Transitions: Recent Prints and Animations by Kakyoung Lee
September 10–October 26
The List Gallery, Swarthmore College, is pleased to present Transitions: Recent Prints and Animations by Kakyoung Lee. The exhibition will be presented September 10—October 26, 2025. On Wednesday, September 17 at 4:30 PM, Lee will give a public lecture about her artistic journey and creative process in the Lang Performing Arts Center Cinema.
Creative Conversations: Recent Collages by Cindi Ettinger & Selected Prints from C.R. Ettinger Studio
November 5–December 14
The List Gallery, Swarthmore College, is pleased to present two concurrent exhibitions that celebrate the art, influence, and collaborative projects of the Philadelphia-based artist and printmaker Cindi Ettinger. The exhibition will be on view from November 5 through December 14, 2025.

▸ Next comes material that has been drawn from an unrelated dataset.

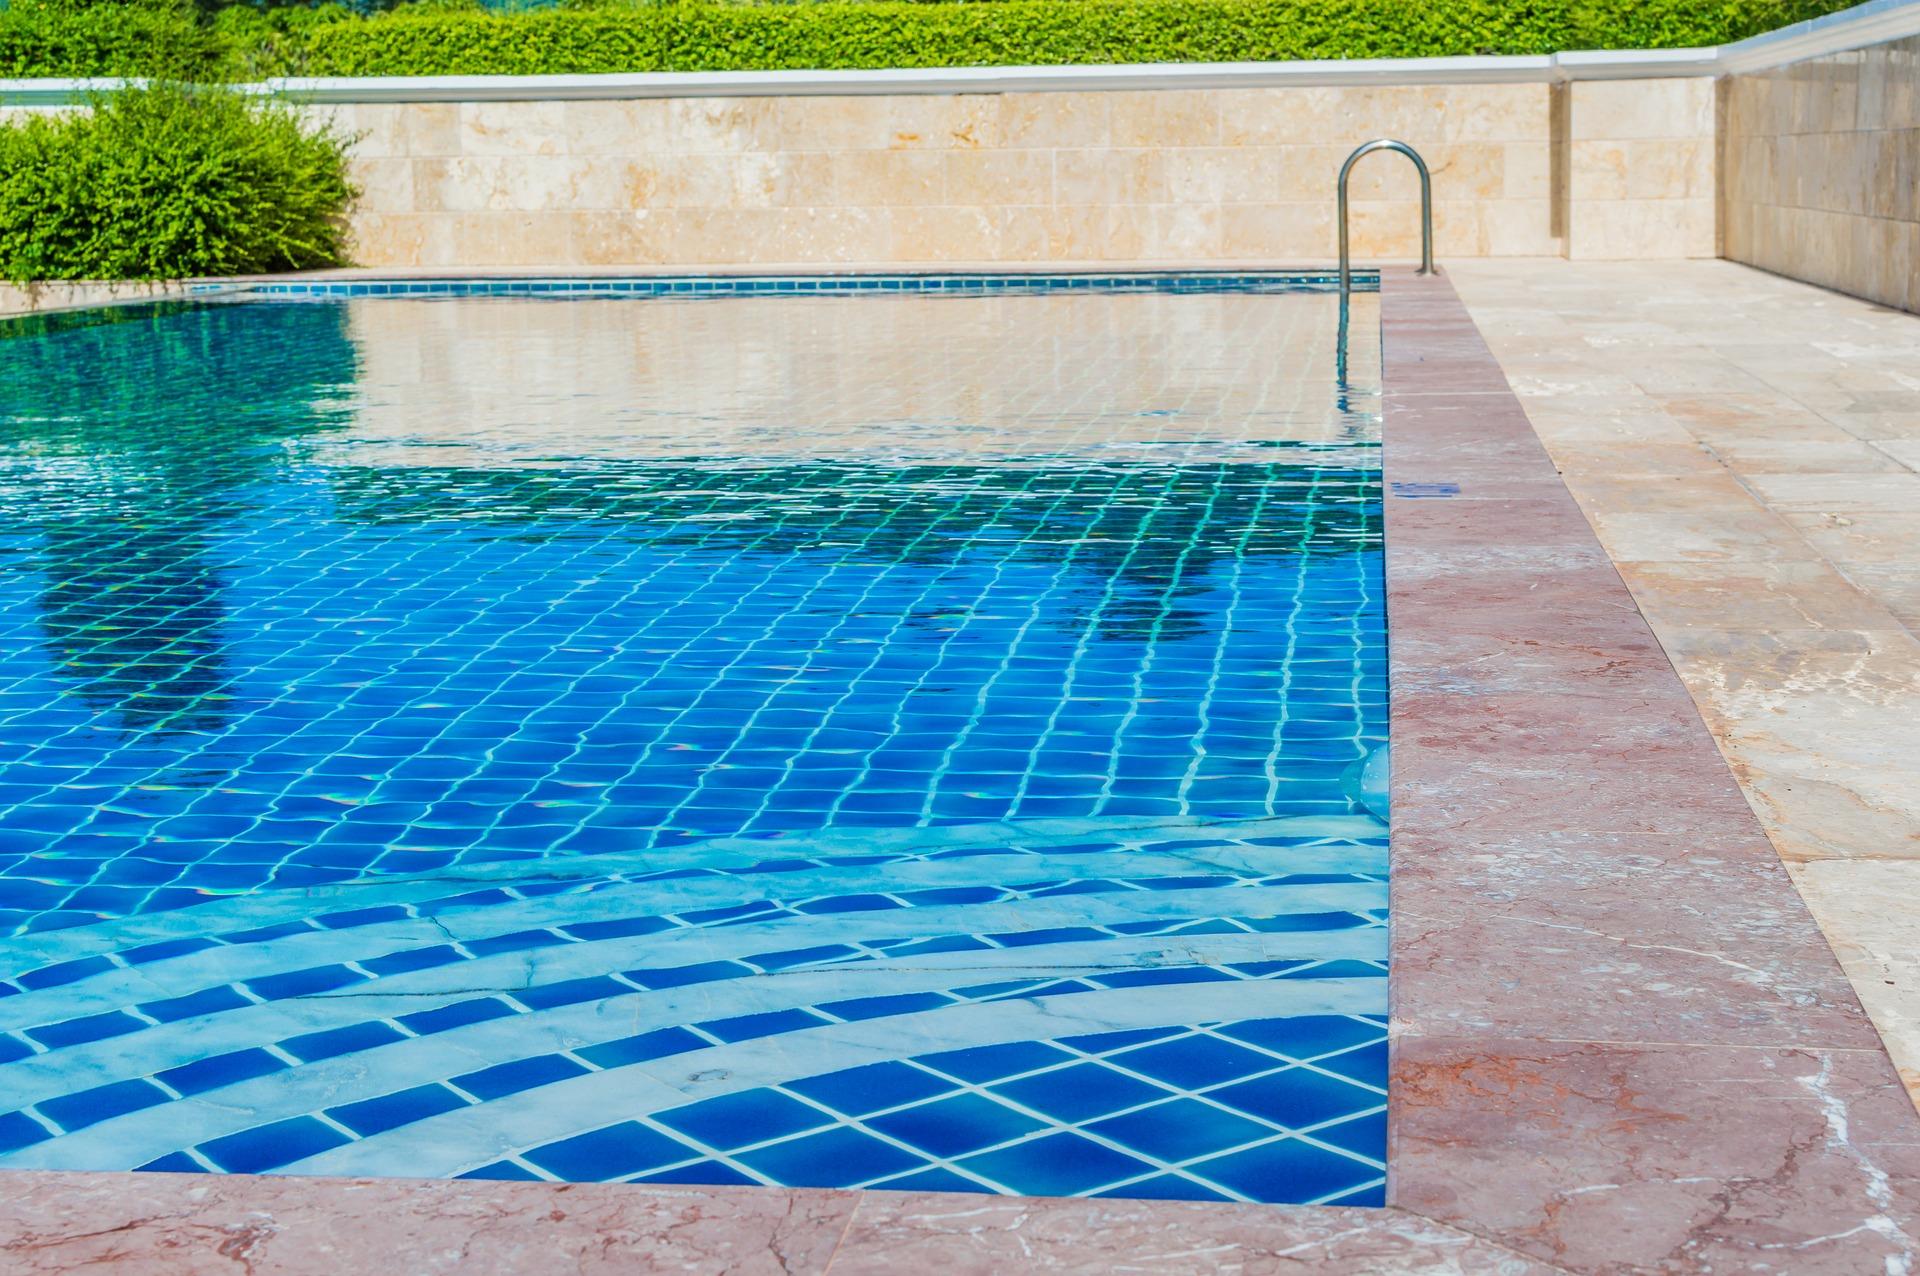 como mantener limpia piscina
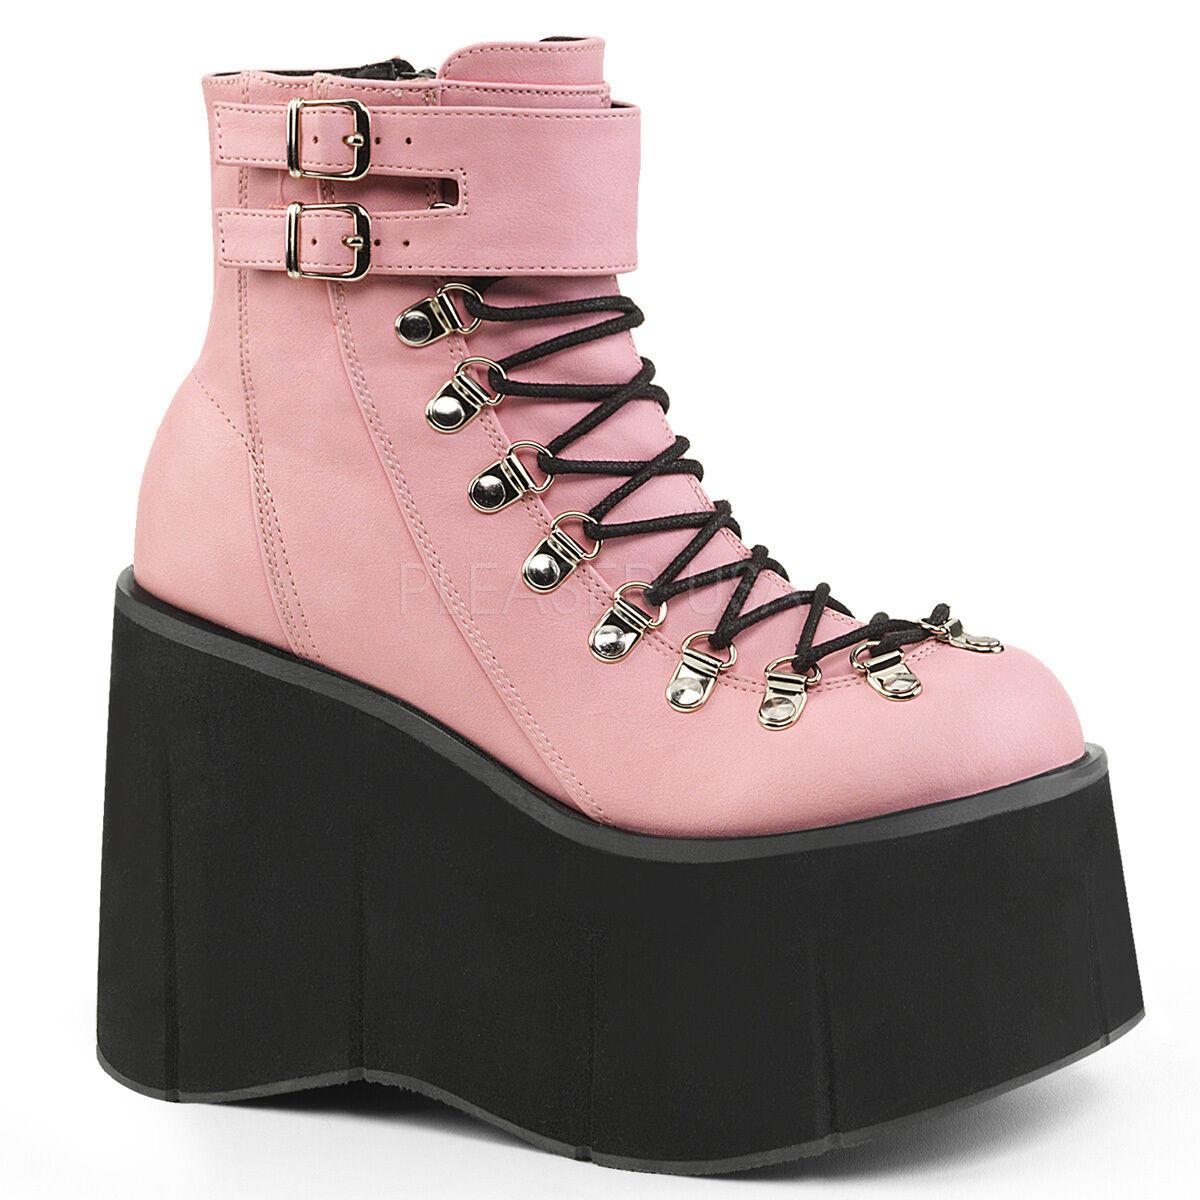 Demonia Kera - 21 Bebé rosado Puño Con Con Con Cordones botas De Plataforma-Goth Punk Gótico,,, rosadodo, Bu  perfecto

Katie Baldwin: Reimagined Landscapes
Katie Baldwin is widely known for creating prints using varied techniques, including letterpress, screenprint, and mokuhanga, a traditional Japanese woodblock printing using water-based inks.
Paper Journeys: Pop-up Books and Constructions by Colette Fu
Paper Journeys will feature varied bodies of works completed between 2014 and the present, including Luoma, Yi Tiger Festival and other works from the We Are Tiger Dragon People, a series of pop-up books she began in 2008 to showcase the diversity of ethnic minority communities in Yunnan and Sichuan provinces in southwestern China. The books feature distinctive cultural traditions, including annual festivals, dance, religious practices, textile patterns, and narrative traditions.
Views of Travel, Reverie, and Repose: Selected East Asian Works from the Swarthmore College Art Collection
This exhibition highlights concerns explored by East Asian artists from the early modern period to the twentieth century. Themes depicted include travel and its transformations, the dynamics of the natural world, performance and gendered practices, and the importance of diverse narrative forms, including poems, commentaries, folktales, and legends. Together, the works encourage viewers to embark on imaginative journeys that offer space for reverie, repose, and reflection. They also offer opportunities to think critically about the way societies construct and aestheticize class and gender.